The woman’s son, understanding English, stood in stunned silence.
Not wanting to wait one more minute, the girl pushed to the front of the nurses’ desk and demanded that she know what she was just injected with. They hadn’t even had a chance to process the paperwork.
Obviously bored with the way things were going, the girl then said ‘well, you have my name and address’, so you can send me the bill, yeah?’. The nurse was open-mouthed and said ‘yes, just go’.
Gleefully, the girl skipped out of the hospital exit, and announced ‘right, let’s go to the pub!’.
I was at boiling point. I could not believe what I had just seen! Not wanting to spoil the night for everyone (the other guys from the hostel were very sweet and we all just wanted to reclaim any semblance of a normal evening by this point), I swallowed my anger and piled into a rickshaw, bound for Haus Khaz, a lively nightlife area in Delhi.
For the rest of the night I avoided talking to the girl as she proceeded to get yet more smashed. But I did catch her at the end of the night, trying to avoid paying for the food she had just eaten.
Her reasoning? ‘I was hungry. Why should I pay?’.
So, what have we learnt from this experience?
Apart from the obvious lesson of ‘don’t be a dick’, which by the way is one of only 2 life lessons you’ll ever need, there are many things to learn from this appalling excuse for a human being.
1. Don’t drink too much
When you’re travelling, it goes without saying that you are more vulnerable than when you’re at home. You might feel safe enough, but you are in a location where you don’t know the local area nor the local people.
Luckily for this girl, she was with a very tolerant and very good-hearted group of people. Not everyone would ruin their change of seeing one of their favourite bands to help you rinse yourself off in the bathroom, or hold your hair back.
Some may even use it as an opportunity to take advantage of you. In my case, the girl left her bag on the side in the toilet whilst she ran in to spray herself down. I picked it up and kept it safe for her, but she didn’t even notice it was gone until we were in the ambulance and she screamed ‘WHERE’S MY BAG?!’
2. Don’t take things that don’t belong to you
Even if it looks like a perfectly innocent can of body spray, it’s not yours and so don’t take it. This goes for drinks too. The amount of times I’ve seen really drunk girls take drinks from people! Eugh! It doesn’t bear thinking about!
Ladies, keep your hands to yourself and you won’t get yourself into these kinds of scrapes. OK?
3. Keep your f***ing language clean
It’s not big and it’s not clever to go around swearing the whole time. It’s f***ing offensive to some folk, OK?
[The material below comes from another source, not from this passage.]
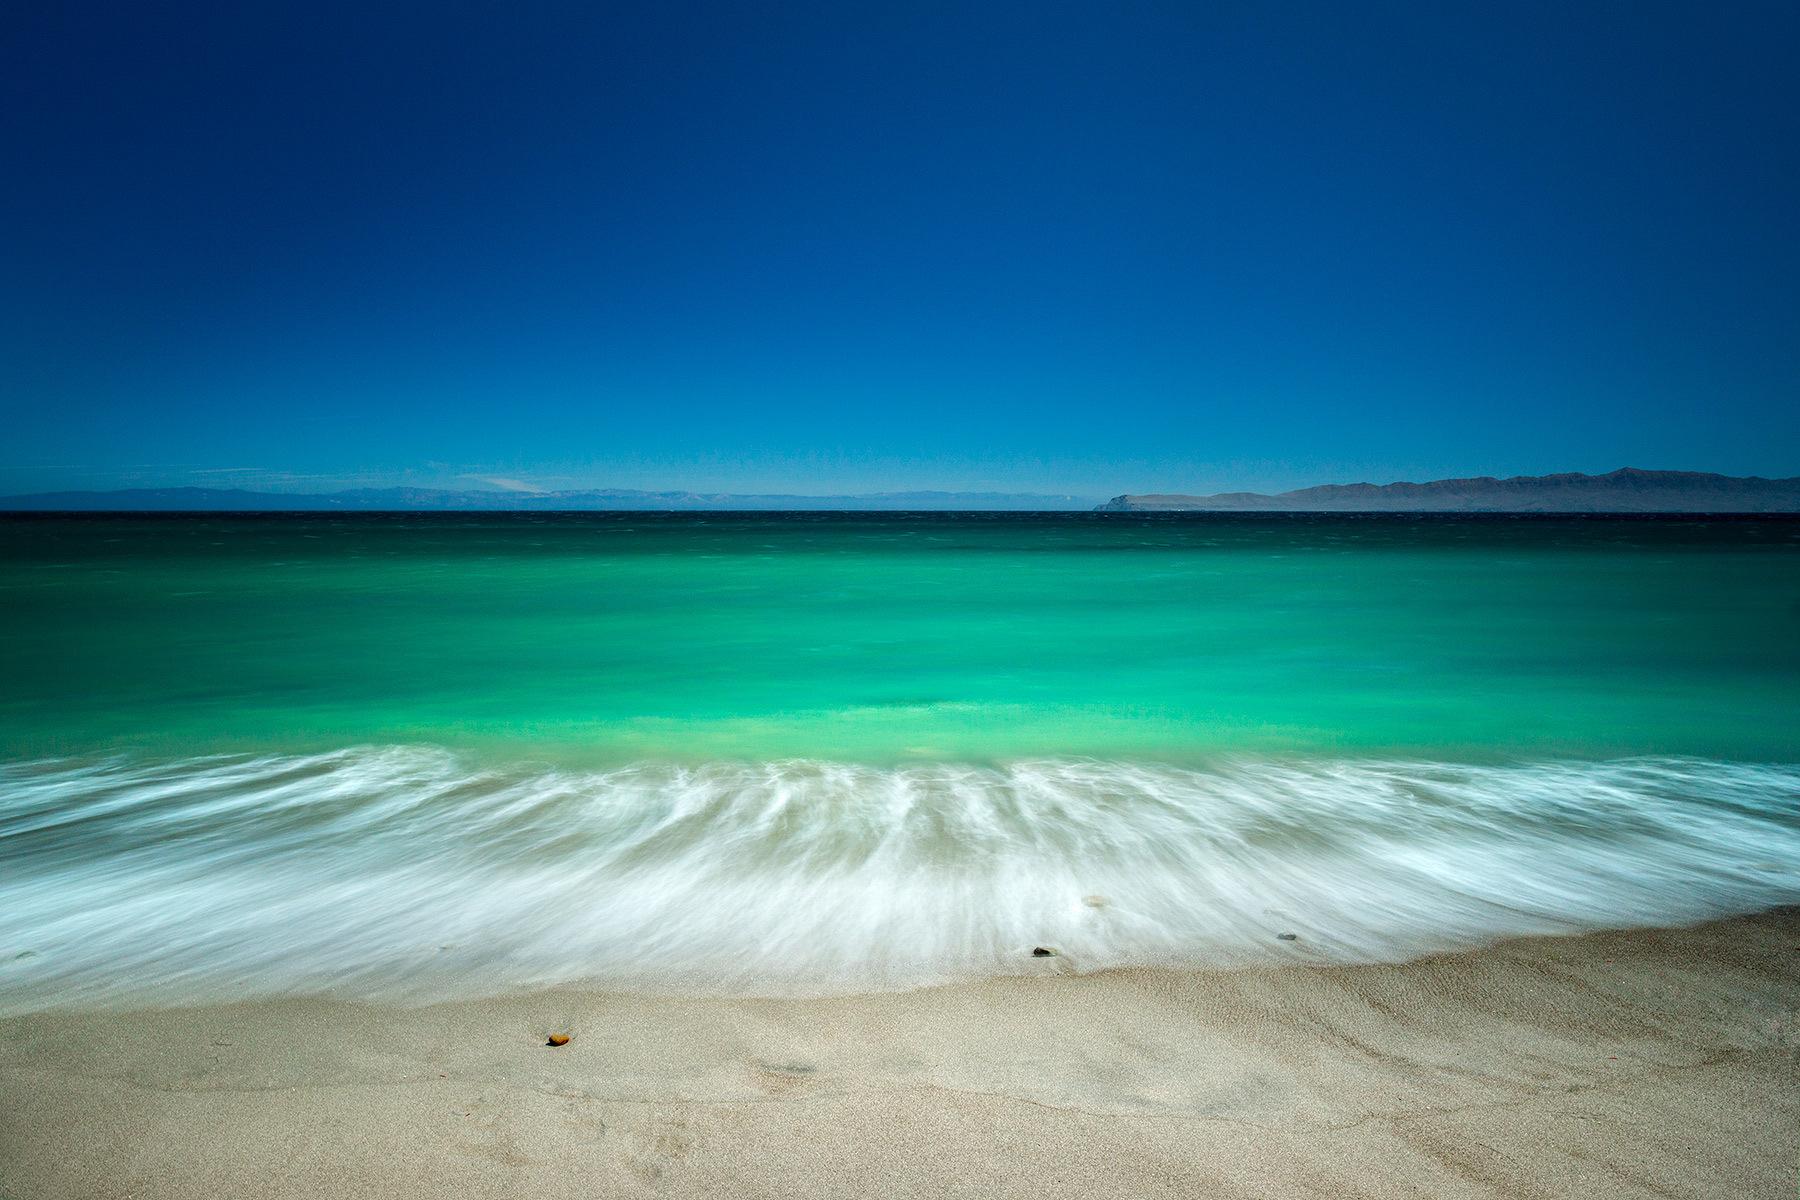 CHANNEL ISLANDS WATER STUDY #01

Respect other people, and you too shall be respected. Treat others as you would like to be treated. Again, this goes back to rule number 1 of life. Don’t be a dick.
4. Lose that sense of entitlement
Just because you grew up in daddy’s care in your middle-class little bubble, it doesn’t mean that you can carry on that way in the real world. This is real life. You are an adult. Quit the whining and wait your turn.
It will get you nowhere to act like that. People will lose respect for you. You will lose friends. You will end up in ridiculous situations which you’ll have to lean on others for. And guess what? They won’t be helping your privileged ass.
5. Tone down the drama
Unless you are studying to be on the stage, there is absolutely no need to act like a two year old. And just as I can see a two year old screams for attention when there’s absolutely nothing wrong, I can see through it in you, too.
I got a solid gobful of that pepper spray, and after 15 minutes or so of pain, it was gone. I know after 45 minutes you’re just MILKing it. (See what I did there?)
So, if you’re travelling now, or hell, even if you’re not, I hope that if you see any of this girl in yourself, you will stop and think about how it affects other people. And if you know someone who acts like this….. Have a word.